Перверт из числа Предсказателей после того первого долгого и странного взгляда, которым он одарил меня в самом начале, больше не обращал внимания ни на кого, кроме своего непосредственного соседа, пребывавшего в кеммере, причем явно женского типа, который проявлялся тем отчетливее, чем сильнее воздействовала на него несколько преувеличенная - по здешним меркам - мужественность Перверта. Перверт постоянно что-то нашептывал своему соседу; тот отвечал немногословно и, как мне казалось, с некоторым отвращением. Остальные в течение уже довольно длительного времени продолжали хранить молчание. В тишине слышался лишь назойливый шепот Перверта. Фейкс не сводил глаз с одного из Блаженных. Перверт быстро и нежно накрыл своей рукой руку кеммерера. Тот с отвращением, а может, и со страхом отдернул ее и посмотрел на Фейкса, сидевшего напротив, как бы в поисках защиты. Фейкс не пошевелился. Кеммерер остался на прежнем месте и в следующий раз, когда Перверт дотронулся до него, даже не дрогнул. Один из Блаженных вдруг поднял лицо и издал длинный, фальшивый, негромкий смешок: ах-ха-ха-ха… хе-хе-хе…

Фейкс поднял руку. И сразу же лица всех Предсказателей в кругу обернулись к нему; он словно собрал их взгляды в некий пучок.

Сеанс предсказания начался в полдень. Шел снег, и свет серого дня вскоре померк, едва просачиваясь сквозь узкие окна-бойницы под козырьком крыши. Слабые светлые полосы света протянулись от окон - словно косые паруса фантастических призрачных судов; на стенах возникли загадочные продолговатые тени; лица Предсказателей, сидящих на полу, слаб светились как бы сами по себе: то взошла уже луна, лучи ее пробивались сквозь облака и лесную чащу. Огонь в камине давно погас, иного освещения в зале не было, лишь неяркие полосы и треугольники лунного света вырывали порой из темноты то лицо, то руку, то чью-то неподвижную спину. Какое-то время я видел профиль Фейкса, застывший как белый мрамор в луче лунной пыли. Потом полоса света упала наискосок на сгорбленную спину кеммерера: голова его лежала на согнутых коленях, руки были уперты в пол, а все тело сотрясала странная ритмичная дрожь, совпадающая с ударами - шлеп-шлеп-шлеп - рукой по полу одного из Блаженных, что сидел напротив кеммерера в темноте. Все Предсказатели казались связанными между собой, словно узлы единой паутины, я совершенно непроизвольно почувствовал эту связь, этот беззвучный разговор между ними, как бы направляемый Фейксом и контролируемый им. Именно он, Фейкс, был центром паутины, ее Ткачом. Бледный лунный свет распался на отдельные блики; блики скользнули по восточной стене зала и исчезли. Паутина, сотканная внутренней силой Предсказателей, напряжением и тишиной, становилась все более прочной.

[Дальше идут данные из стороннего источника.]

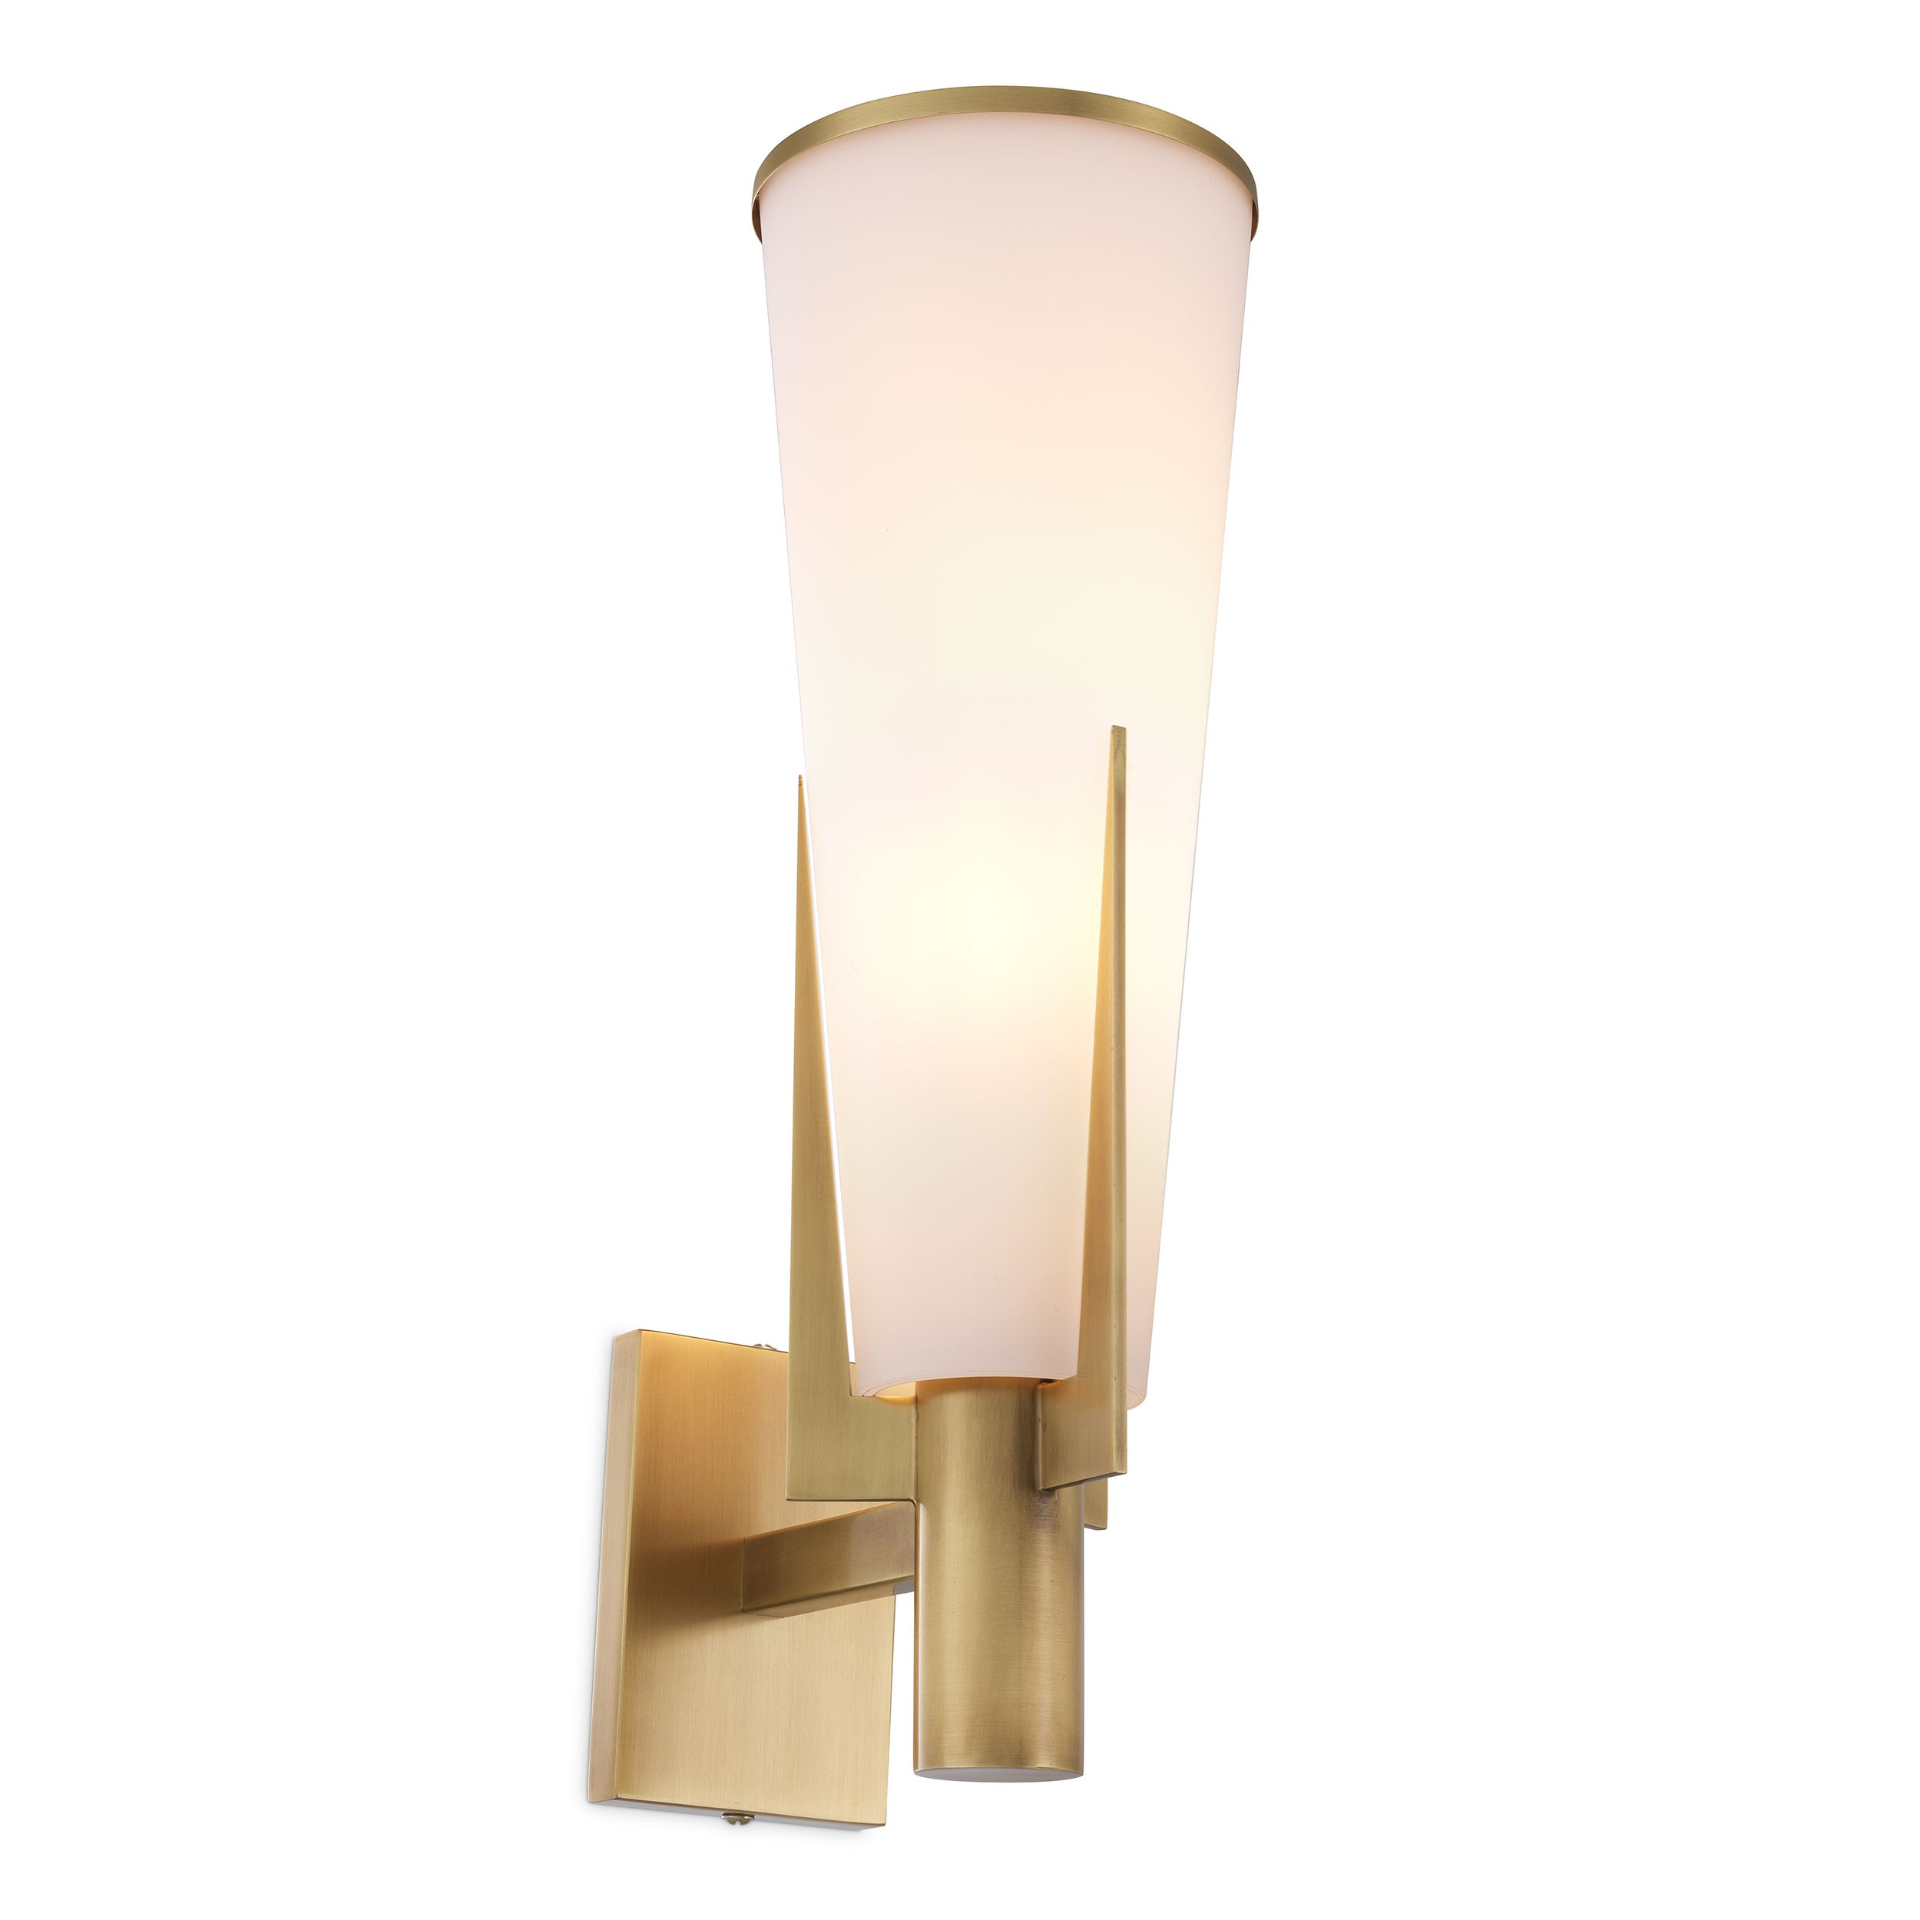 WALL-LAMP-DINO-EICHHOLTZ

Я попытался прервать мысленный контакт с ними. Мне стало не по себе от этого затянувшегося молчания, наэлектризованного напряжения, от того, что меня помимо моей воли втягивает в круг их отношений, я становлюсь как бы точкой, одним из узелков создаваемой ими паутины. Однако, установив телепатический барьер, я почувствовал себя еще хуже: как бы отгороженным от них и в то же время во власти галлюцинаций, видений, мысленных контактов-прикосновений, диких образов и ощущений; все мои чувства были как-то гиперсексуально окрашены, обладали какой-то гротескной страстностью - немыслимое черно-красное кипение эротических символов и желаний. Передо мной мелькали жадно распахнутые колодцы с рваными краями-губами, женские половые органы, раны, похожие на дьявольские пасти… Я полностью утратил равновесие, я куда-то падал… Если я не смогу выплеснуть в крике весь этот хаотический бред, я действительно провалюсь в него, я сойду с ума. Но крикнуть я не мог. Эмфатический и паравербальные силы, что действовали теперь, невероятно могущественные и запутанно-сложные, созданные где-то в недрах сексуальной перверсивности и общей нарушенности половых отношений, в недрах общего безумия Предсказателей, исказившего, казалось, даже само Время, и всепоглощающая необходимость сконцентрироваться и воспринимать лишь непосредственно данную реальность - все это вместе было выше моей способности к телепатической самоизоляции, выше возможностей моего самоконтроля. Но все же эти безумные силы и страсти находились под контролем: центром, управляющим ими, был неподвижный Фейкс. Проходили часы, пролетали секунды; лунный свет больше не заглядывал в зал, скользя лишь по наружной стороне его стен; в самом зале царила тьма. И в самом центре этой тьмы был Фейкс, Ткач, казавшийся теперь женщиной в одеянии из света. Свет лился как серебро: серебряными были странные доспехи, в которые была облачена женщина, и ее меч. Внезапно свет стал жгучим и непереносимо ярким; он потоками струился по ее ногам - расплавленное серебро, жидкий огонь, - и она закричала от ужаса и боли: «Да, да, да!»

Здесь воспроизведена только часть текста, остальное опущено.